Your result tibble now contains a processed ri
column ready for calibration.
Molecular Weight Averages
The most common outputs from SEC analysis are molecular weight averages: - Mn (number-average): Emphasizes lower MW species - Mw (weight-average): Emphasizes higher MW species - Mz (z-average): Even more sensitive to high MW species - Dispersity (Mw/Mn): Measures breadth of the MW distribution (1.0 = monodisperse)
Use step_sec_mw_averages() to calculate these. This step
requires that the x-axis (location) values already represent
log₁₀(MW)—which is what step_sec_conventional_cal()

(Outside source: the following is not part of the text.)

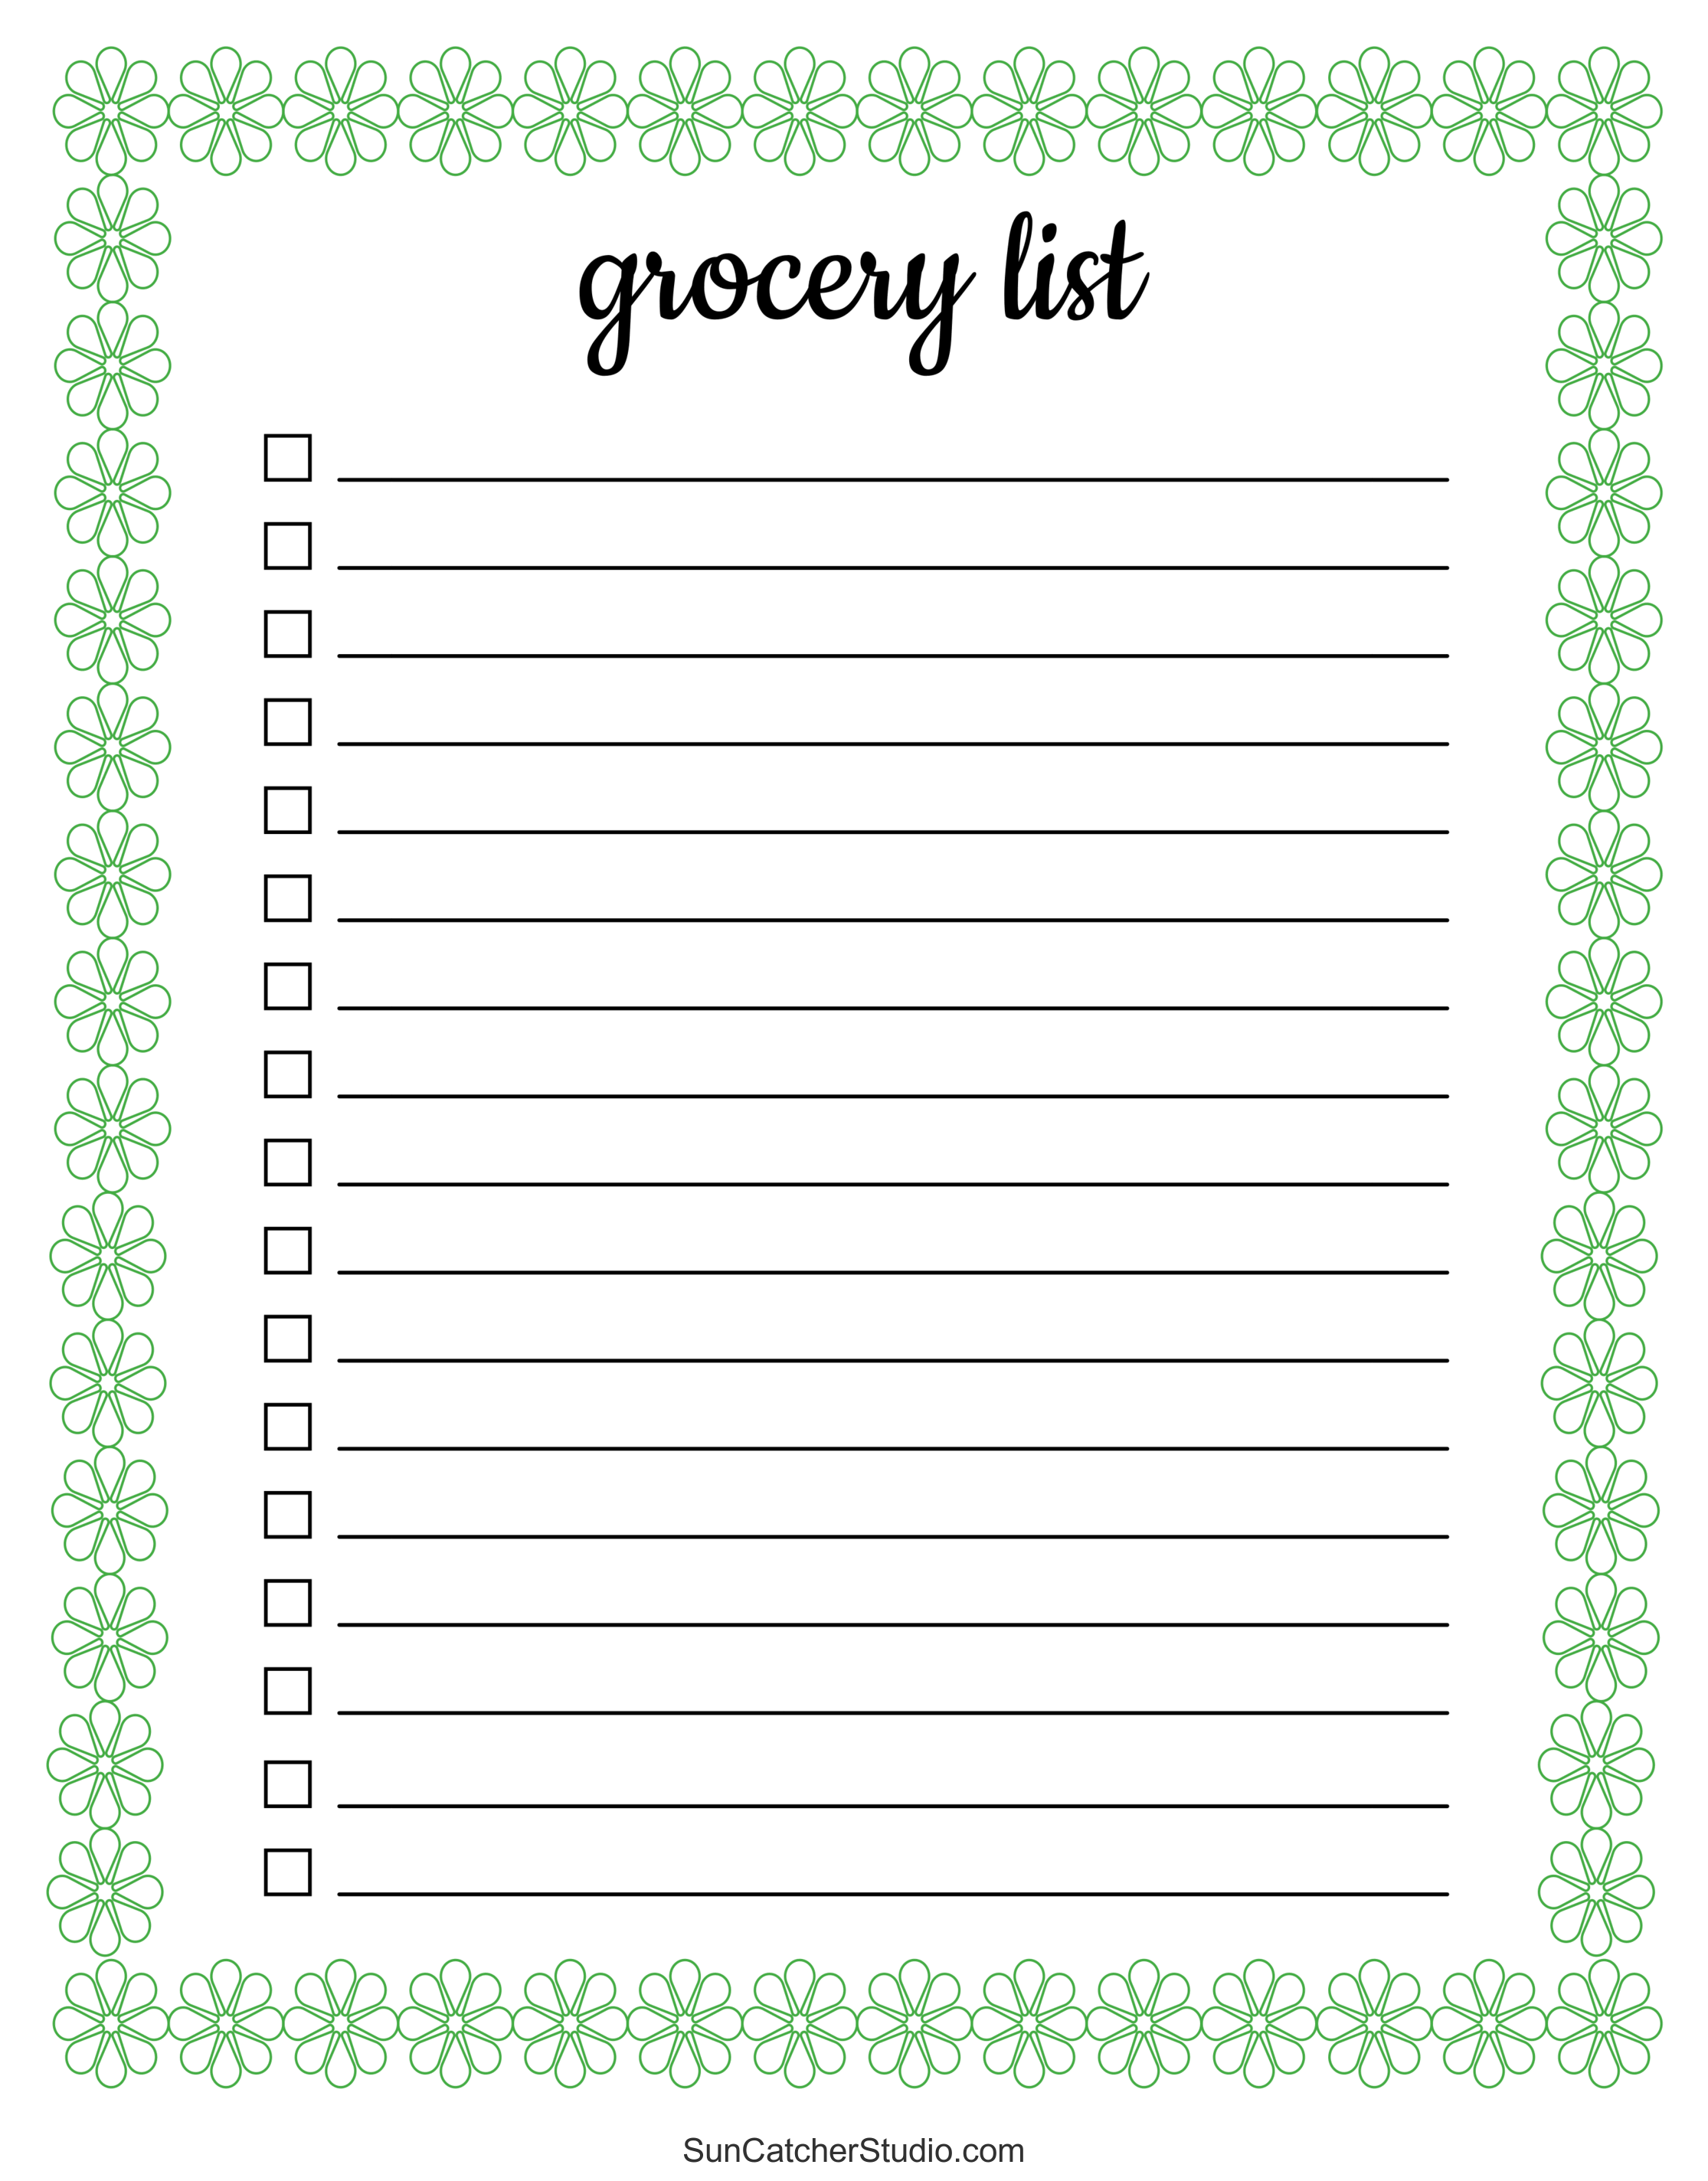 Free Printable Grocery List Templates in PDF, PNG and JPG Formats · InkPx
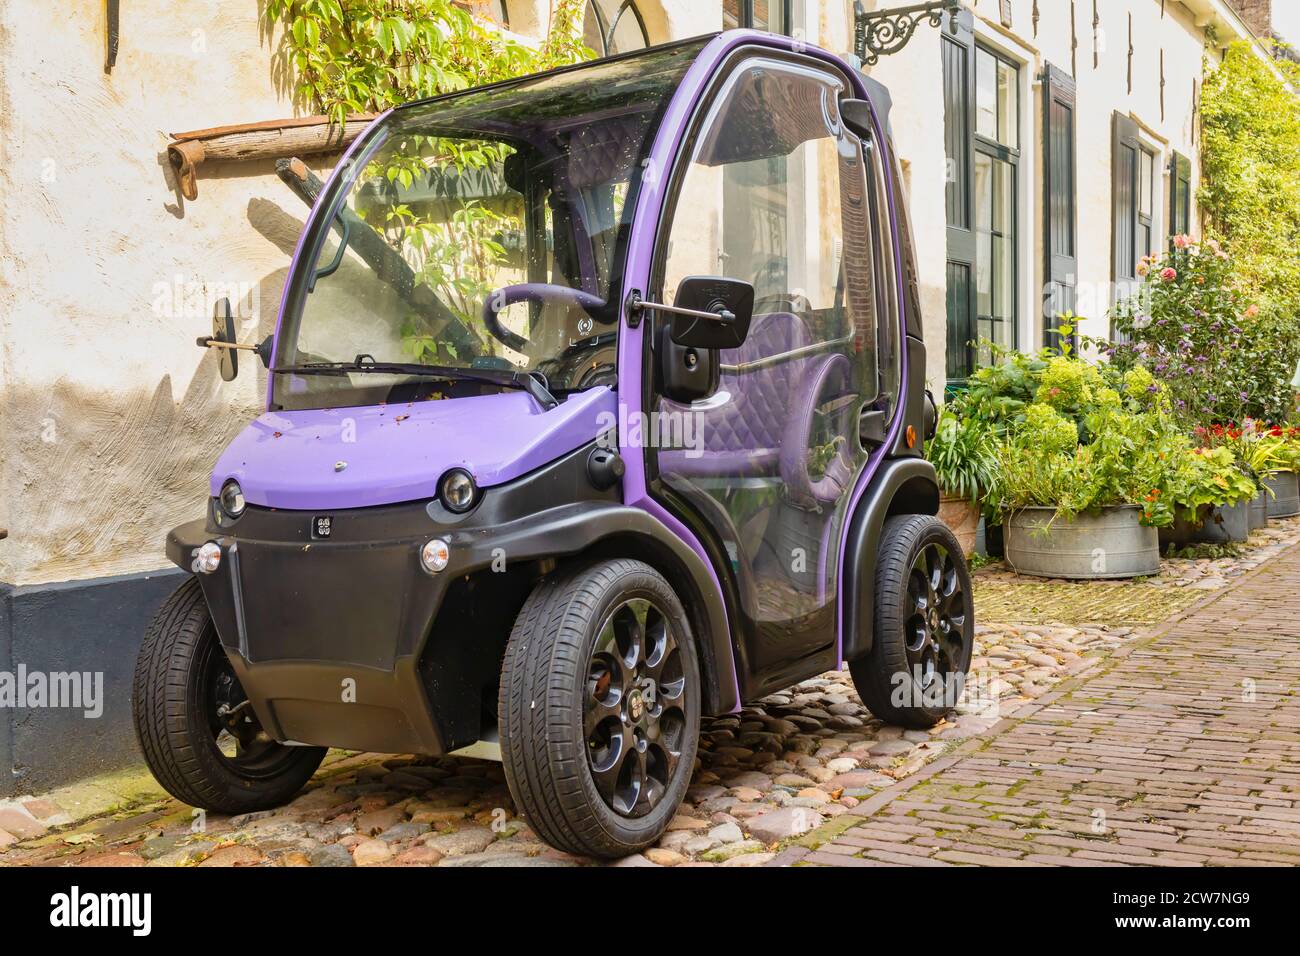 Elburg, The Netherlands - August 27, 2020: Small two person full electric mini car Biro parked in the Dutch city of Elburg, The Netherlands Stock Photo

provides. See the Calibration section below for the complete
workflow.
Calibration Curves
Most SEC analysis requires calibration to convert retention time to molecular weight. The most common approach uses narrow standards—polymers with known molecular weights and low dispersity—to build a calibration curve.
Note: If you have a light scattering detector (MALS), you can determine absolute molecular weights without calibration. See
vignette("triple-detection")for details.
# Load polystyrene narrow standards
# These are well-characterized polymers used to build the calibration curve
data(sec_ps_standards, package = "measure.sec")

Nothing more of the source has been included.